Bishop, C. M. (2006). Machine learning and pattern recognition. Information Science and Statistics. Springer, Heidelberg. [url]

Goodfellow, I., Bengio, Y., Courville, A., & Bengio, Y. (2016). Deep learning (Vol. 1). Cambridge: MIT press. [url]

Lowe, D. G. (1999). Object recognition from local scale-invariant features. In Computer vision, 1999. The proceedings of the seventh IEEE international conference on (Vol. 2, pp. 1150-1157)

Ivakhnenko, A. G., & Lapa, V. G. (1967). Cybernetics and forecasting techniques. [url]

Krizhevsky, A., Sutskever, I., & Hinton, G. E. (2012). Imagenet classification with deep convolutional neural networks. In Advances in neural information processing systems (pp. 1097-1105). [url]

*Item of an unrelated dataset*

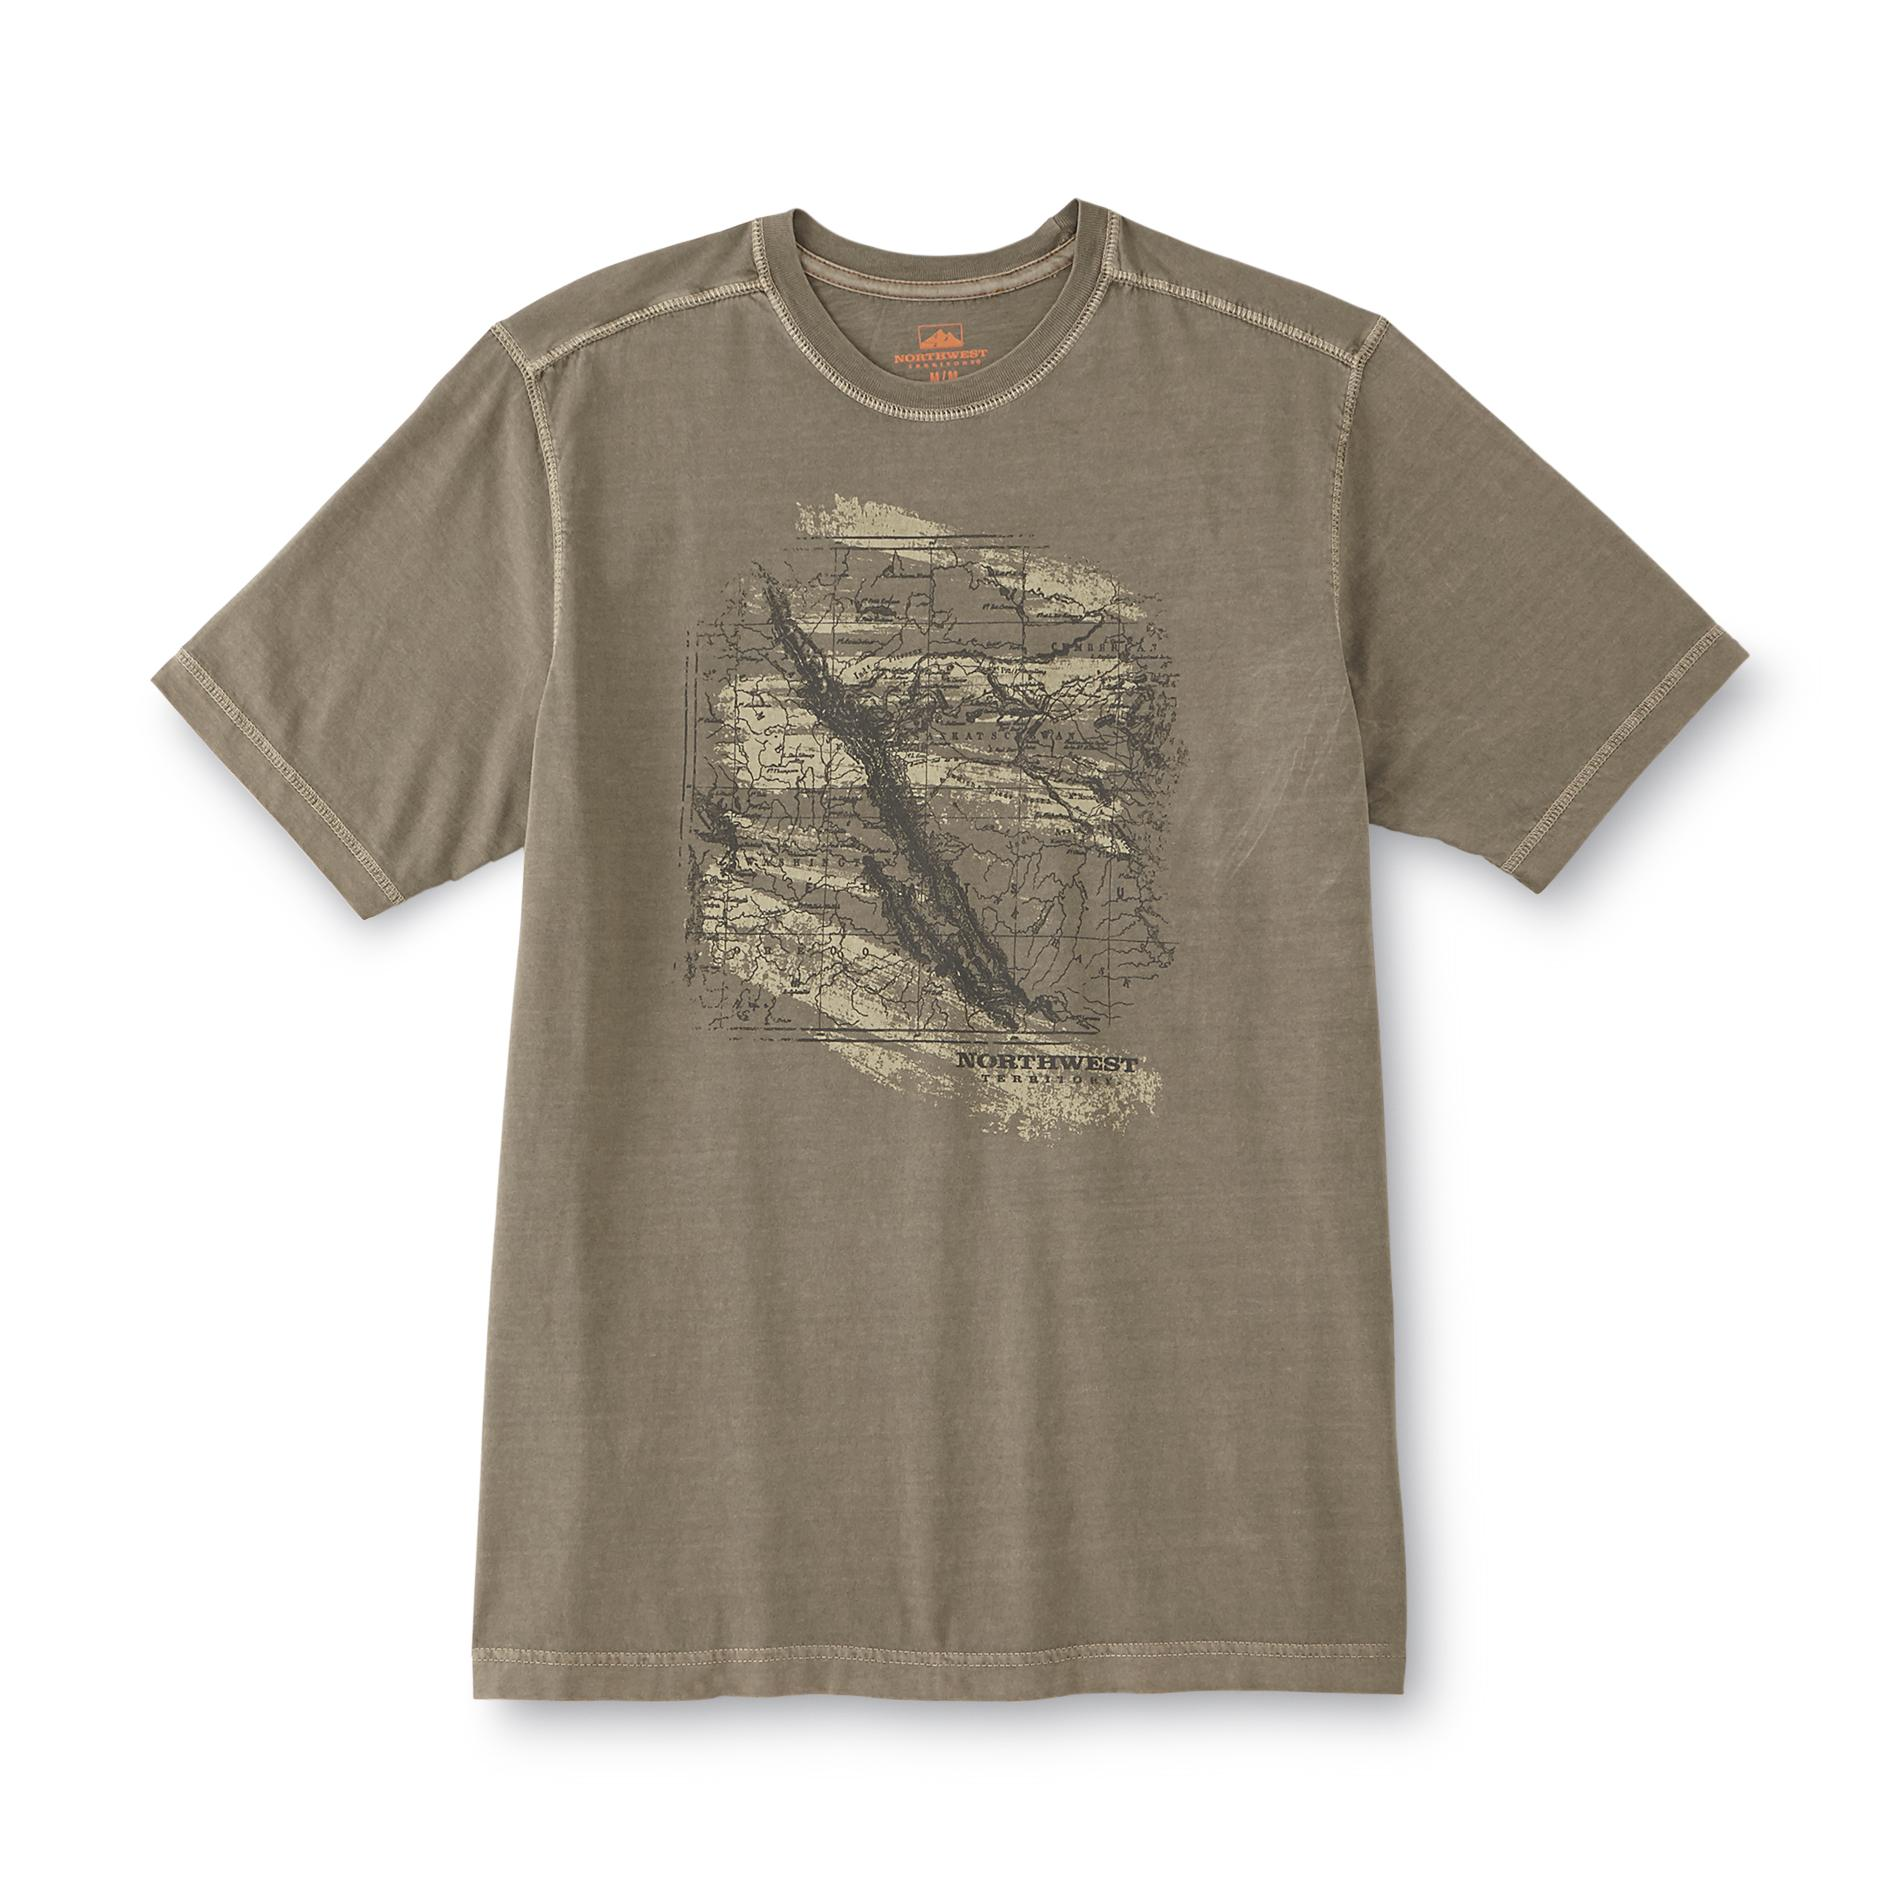 Northwest Territory Shirts

Sutskever, I., Martens, J., & Hinton, G. E. (2011). Generating text with recurrent neural networks. In Proceedings of the 28th International Conference on Machine Learning (ICML-11) (pp. 1017-1024). [url]

Sutskever, I., Vinyals, O., & Le, Q. V. (2014). Sequence to sequence learning with neural networks. In Advances in neural information processing systems (pp. 3104-3112). [url]

Cybenko, G. (1989). Approximation by superpositions of a sigmoidal function. Mathematics of control, signals and systems2(4), 303-314. [url]

He, K., Zhang, X., Ren, S., & Sun, J. (2016). Deep residual learning for image recognition. In Proceedings of the IEEE conference on computer vision and pattern recognition (pp. 770-778). [url]

Liddy, E. D. (2001). Natural language processing.

Graves, A., Wayne, G., & Danihelka, I. (2014). Neural turing machines. arXiv preprint arXiv:1410.5401.